The macroeconomic turnaround: Stability, caution amid progress

The Daily Graphic applauds Ghana's remarkable strides in stabilising its exchange rate and fostering a more predictable foreign exchange market environment, marking a welcome departure from the turbulence of uncontrolled depreciation and market anxiety that plagued the nation in recent years. 

It is clear that the progress so far made seems more than just a fluke; it is backed by some solid economic fundamentals and policy efforts.

Speaking at the recent 2025 IMF-World Bank Annual Meetings in Washington, DC, the International Monetary Fund (IMF) Director for Africa, Abebe Aemro Selassie, underscored Ghana's progress, attributing the cedi's recent appreciation to improving economic fundamentals – a narrative resonating with optimism yet tempered by prudent caution.

Mr Selassie emphasised the criticality of balance — while Ghana's exchange rate stability reflects restored confidence and decelerating inflation, policymakers must vigilantly navigate the tightrope between price stability and external competitiveness.

"An excessively appreciated exchange rate can undermine export competitiveness," he cautioned, spotlighting the multifaceted nature of economic management.

Competitiveness hinges on myriad factors beyond currency valuation alone, but undue foreign exchange market interference risks injecting disruptive volatility into the country’s relatively shallow capital and foreign exchange markets.

Recall the fraught landscape of yesteryears — the economy grappled with daunting depreciation pressures intertwined with unresolved debt challenges.

Contrast this with today's encouraging tableau — inflation plummeting to 9.4 per cent in September 2025 (its first single-digit mark in four years), down dramatically from 54 per cent in December 2022.

Food inflation dipped to 11 per cent, non-food inflation eased to 8.2 per cent, a testament to concerted monetary policy and fiscal consolidation.

Ghana Statistical Service data reveal robust 6.3 per cent economic expansion in the second quarter of 2025, with non-oil gross domestic product (GDP) growth hitting 7.8 per cent – propelled by services and agriculture.

The Composite Index of Economic Activity rose 6.1 per cent in July, signalling sustained domestic demand vigour. 
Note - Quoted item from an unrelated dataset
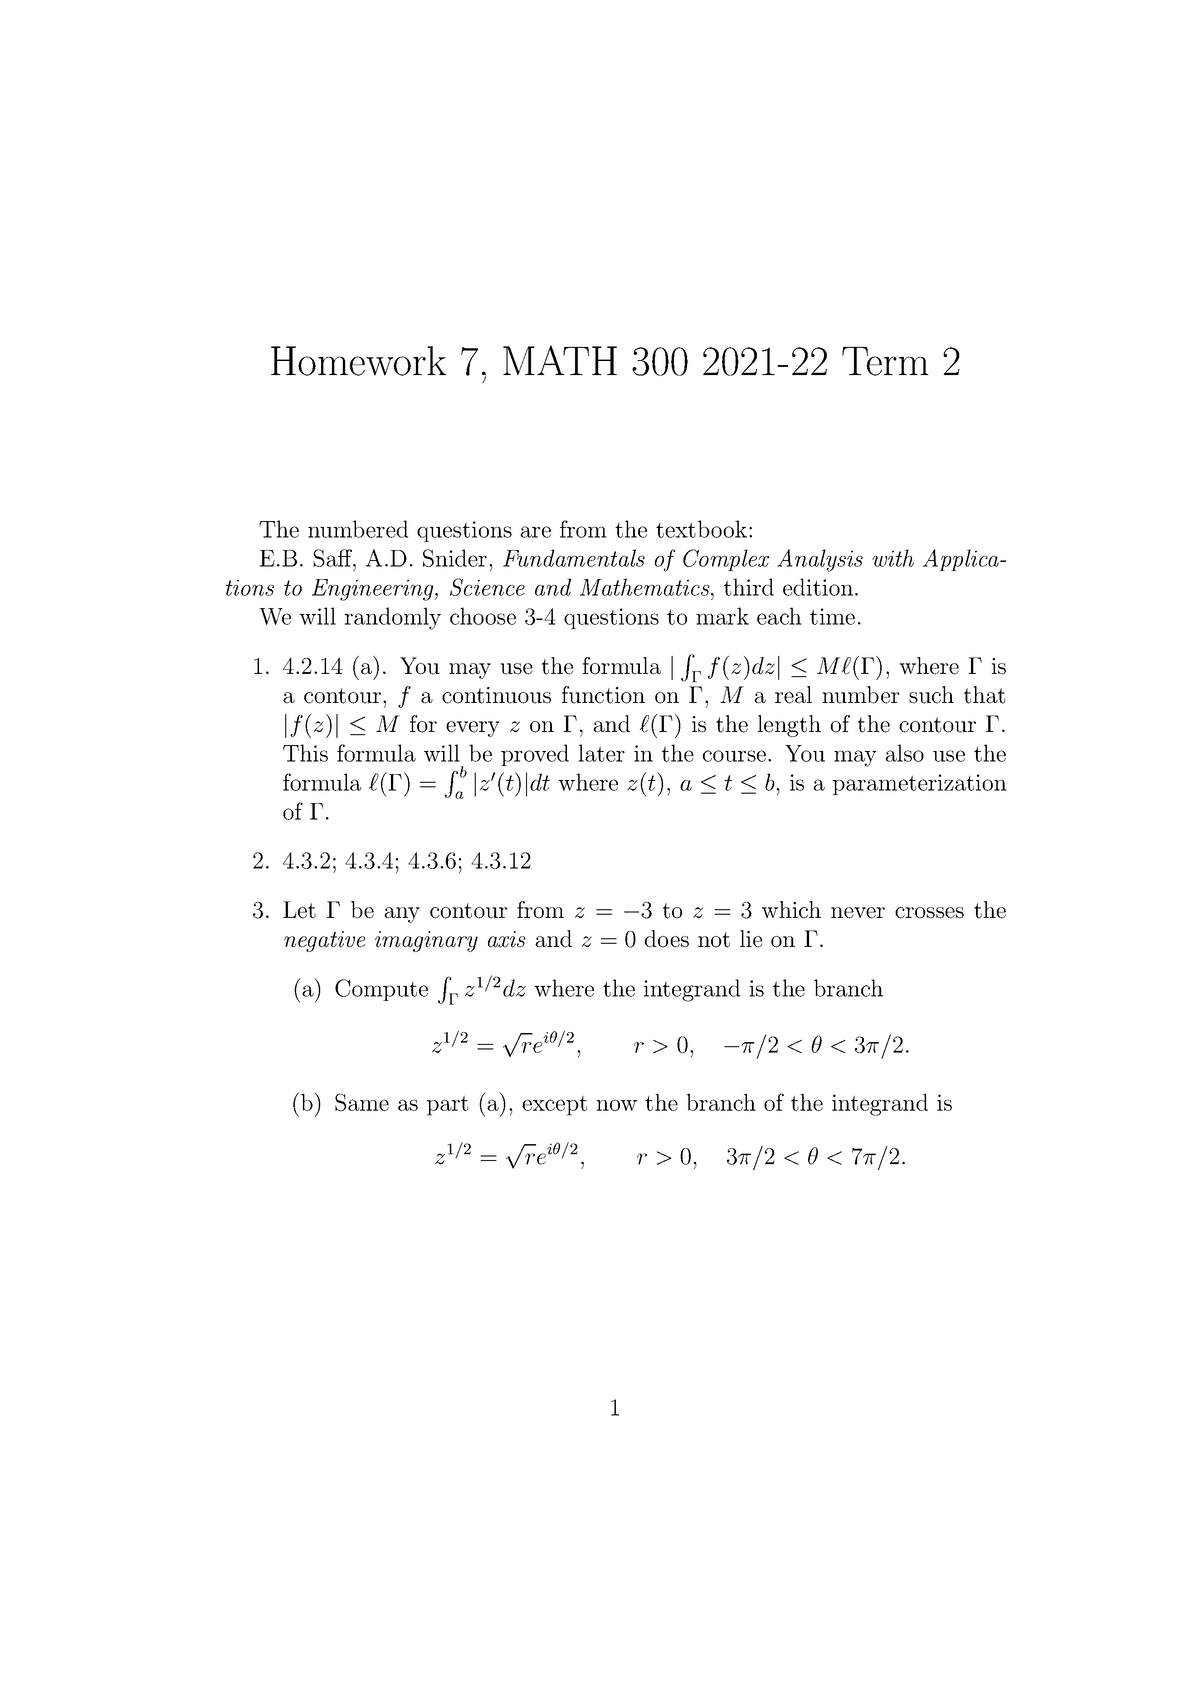 Homework 7 Assignment 7 Homework 7 Math 300 2021 22 Term 2 The Numbered Questions Are From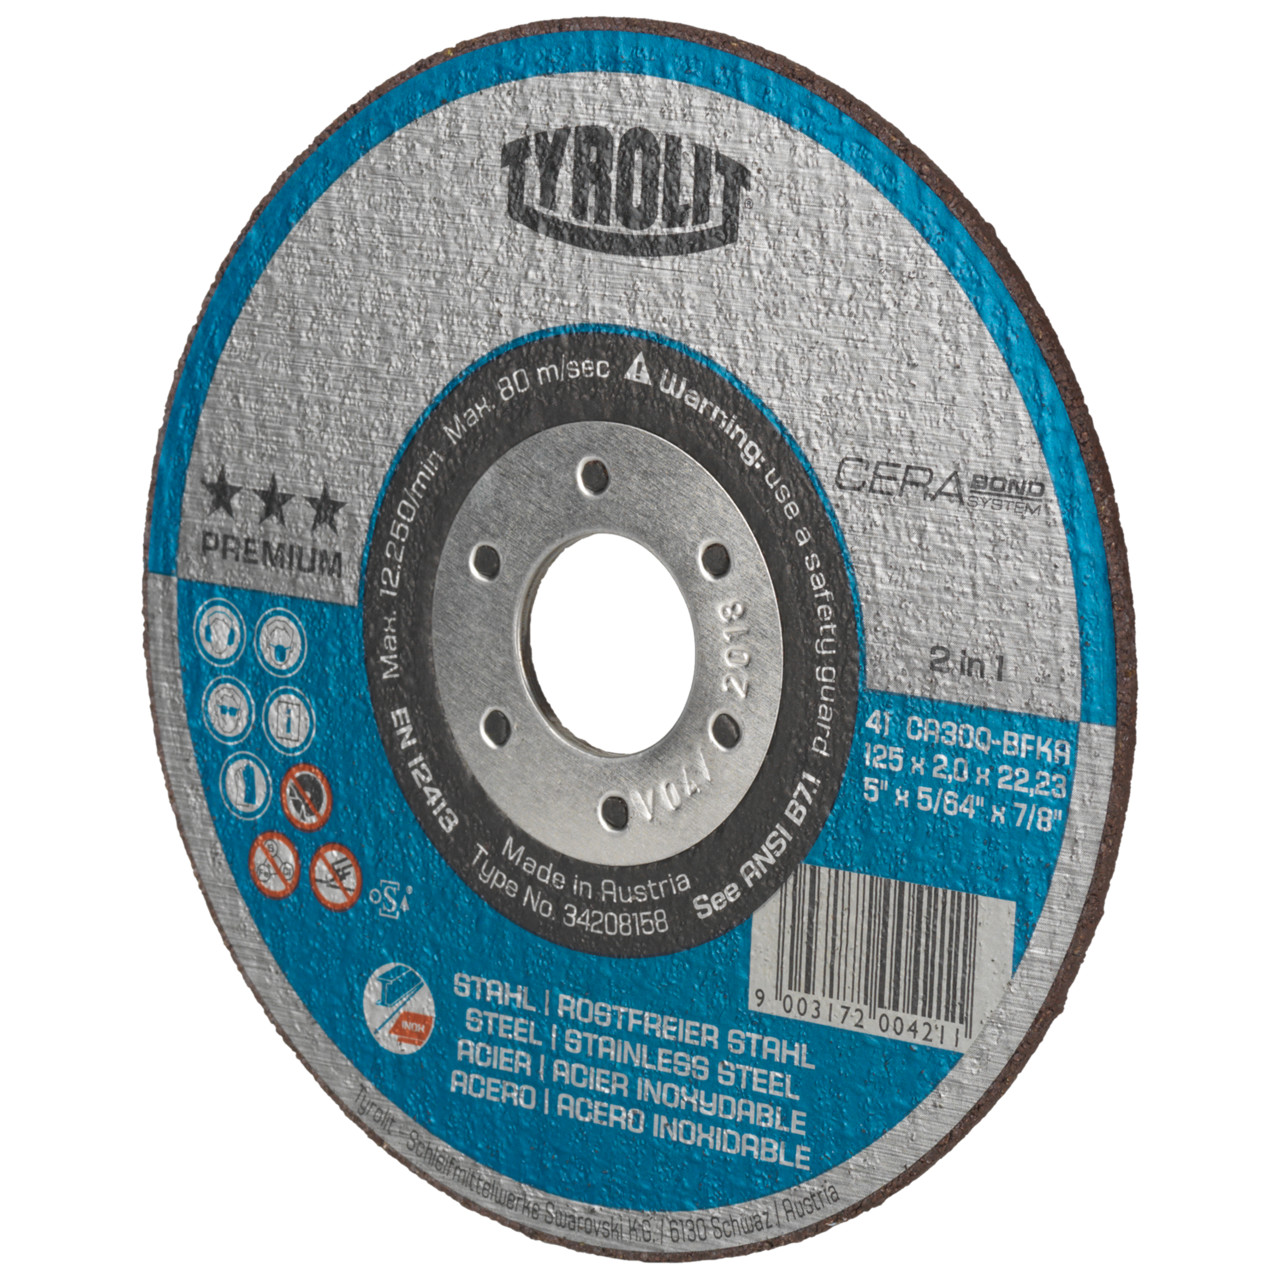 TYROLIT CERABOND Cutting disc DxDxH 178x1.6x22.23 2in1 for steel and stainless steel, shape: 41 - straight version, Art. 34256275

Externally, Ghana boasts a $6.2 billion trade surplus (Jan-Aug 2025) and international reserves swelling to $10.7 billion – covering 4.5 months of imports.

The cedi’s 21 per cent year-to-date appreciation cements its global standing as a top performer.

Mr Selassie lauded Ghana’s policy framework credibility, noting the economy’s rightward trajectory.

Yet his words carry calibrated wisdom: in shallow markets such as Ghana’s, striking a balance is paramount – excessive interference spawns problems; identifying and minimising volatility ‘froth’ is key. 

The Trades Union Congress (TUC) rightly flags risks of exchange rate swings hurting exports/businesses.

Sustainability queries linger – Can Ghana maintain this stability amid import pressures and global headwinds?

Prudent debt management, dovetailing with the IMF programme, which ends in 2026, remains very pivotal.

We commend the government and the Bank of Ghana for their commitment to nurturing this stability oasis.

Macroeconomic management demands perpetual vigilance – balancing growth, inflation and competitiveness is not episodic but perpetual.

Credibility earned via sound policies must translate into tangible benefits for Ghanaians – job creation, poverty reduction, and inclusive growth.

Our country’s turnaround instils hope; its policy lessons merit regional attention.

With inflation single-digit, reserves bolstered, and growth humming, the nation readies itself for ‘life beyond’ its current IMF programme.

Mr Selassie’s counsel crystallises the path: calibrated policies safeguarding stability while nurturing competitiveness.

The Daily Graphic trusts our policymakers will stride this nuanced path steadfastly – the country’s economic resurgence beckons broader prosperity dividends.

Thankfully, we see an alignment of monetary policy and fiscal policy, which really bodes well for the economic stabilisation efforts.

The implication of this is that the Finance Ministry and the Bank of Ghana are singing from the same hymn sheet, which should be the case at all times.

As the country navigates post-programme dynamics, sustaining reform momentum appears non-negotiable.

International confidence is palpable; domestic stakeholders expect tangible socio-economic payoffs.

With prudent stewardship, Ghana’s macroeconomic oasis can morph into enduring prosperity – a beacon for Africa’s developmental aspirations.